Известный лингвист Арон Борисович Долгопольский собрался в землю праотцев сравнительно рано, где-то в середине 70-х. Арон, или, как любовно называл его Мельчук, Арончик, был маленького роста, подвижной и жовиальный. Он носил сильные очки, нескладно вертел головой и картавил, но это не мешало ему быть полиглотом и одним из пионеров ностратики — гипотезы о родстве целых языковых семей. Свои огромные картотеки он, курсируя между Институтом языкознания и Ленинской библиотекой, таскал на себе и потому ходил обычно с двумя портфелями, а иногда еще и с рюкзаком. (Notebook’ов тогда не было в помине.)
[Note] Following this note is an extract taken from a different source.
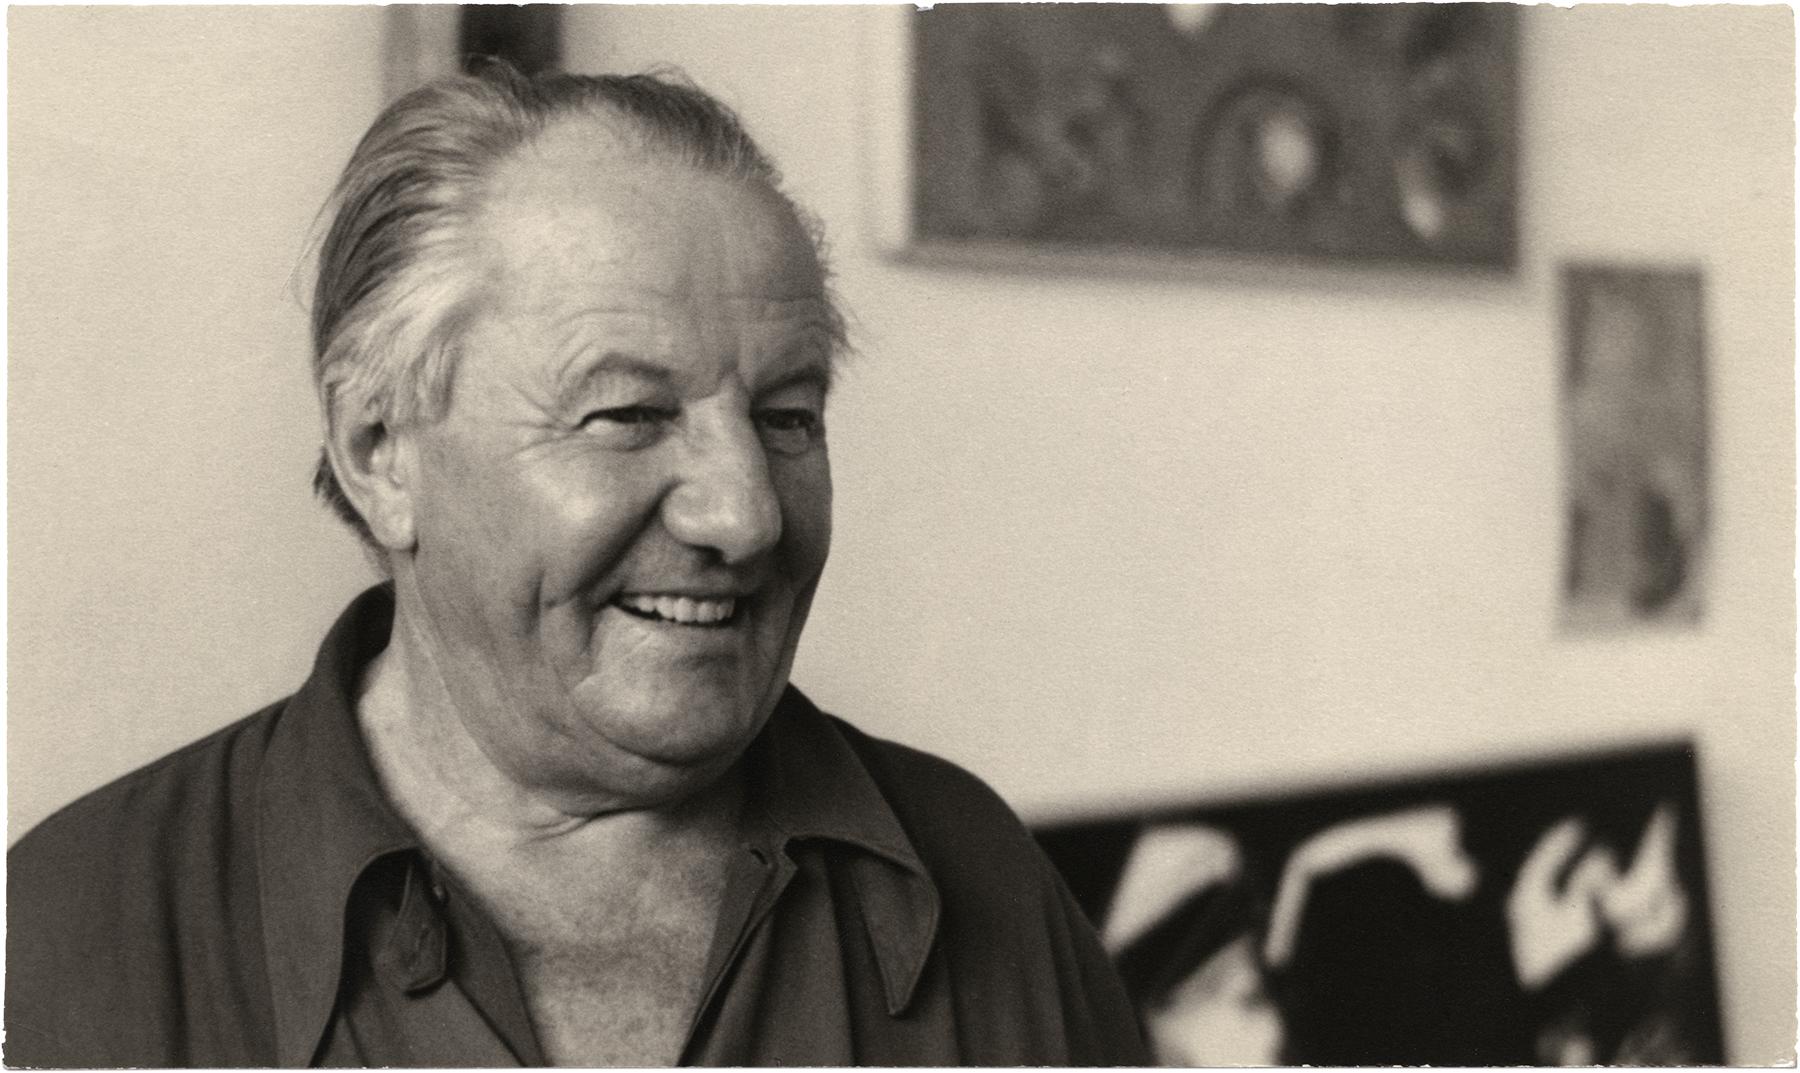 Hans Hofmann, 1949, photographed by Bill Witt in Provincetown, MA. Copyright Estate of Bill Witt.

И вот он подал документы, получил разрешение и отбыл на историческую прародину. К суматохе вокруг его сборов я причастен не был, но от Мельчука узнал, что все прошло в общем гладко, хотя некоторые вещи и материалы Арончику вывезти не удалось. Досылкой оставшегося, как всегда в таких случаях, занимались друзья и близкие и, конечно, Мельчук, сам уже нацелившийся на отъезд. А в какой-то момент и мне, до тех пор державшемуся от отъезжанства в стороне, довелось сыграть свою роль в этой международной акции.
Весь архив Арона был уже переправлен, кроме одной, так сказать, единицы хранения, с которой дело застопорилось — никакие из задействованных каналов ее не принимали.
— Может, ты попробуешь, — сказал мне Мельчук. — Ты живешь в центре, к тебе заходят иностранцы…
— Приноси, — сказал я. — А что это такое? Что-то тяжелое?
— Таблица словарных соответствий между разными языками. Рулон большой, но практически ничего не весит.
— Так в чем проблема?
— Поймешь, когда увидишь.
В следующий раз Игорь принес заветный рулон и шикарно развернул его на полу, приперев по углам книгами. Огромный лист, метра два на три, был сверху донизу покрыт столбцами фонетических значков, взятых то в круглые, то в квадратные скобки и соединенных сложной паутиной стрелок, на которых в свою очередь были надписаны какие-то пояснения и уравнения. Как если бы этой подозрительной писанины было недостаточно, оборотная сторона представляла собой политическую карту Советского Союза.
— Что он, с ума сошел — писать такое на карте?! — вырвалось у меня.
— Понимаешь, Арончик нигде не мог достать большого листа, а карт в магазинах навалом. К тому же, он начал эту таблицу, когда об отъездах ни слуху ни духу не было. Здесь годы работы.
— Да-да, и если вдуматься, ностратика и географическая карта буквально созданы друг для друга.
С этого дня каждому приходившему ко мне иностранцу я сначала читал небольшую лекцию о ностратике, заслугах Долгопольского и антисионистских настроениях советских таможенников, а затем выносил аронов свиток. При виде шифрованной карты одни смущенно мялись, другие соглашались, но справедливо указывали на возможность конфискации. Я начал отчаиваться, когда на моем горизонте возник голландский профессор Ян Мейер (ныне покойный).
Мы не были знакомы, но как-то весной он позвонил, представился, похвалил одну из моих статей, был приглашен в гости и пришел, настояв на необычно раннем часе, что-то вроде пяти или шести вечера. Он оказался высоким, седым, краснолицым, очень симпатичным дядькой в черном костюме. Мы ели, пили, говорили о русской литературе (он преподавал в Утрехте, а жил, как я убедился, приехав через два года в Голландию, в Амстердаме), о только что вышедшей «Неоконченной пьесе для механического пианино» Никиты Михалкова (значит, год был 1976-й), об эмиграции, о том о сем. Среди прочего, Мейер сказал, что приехал с правительственной делегацией, в качестве эксперта по России при возглавляющем ее министре, — воспользовался удобным случаем, чтобы повидать русских коллег за государственный счет. Случай показался удобным и мне.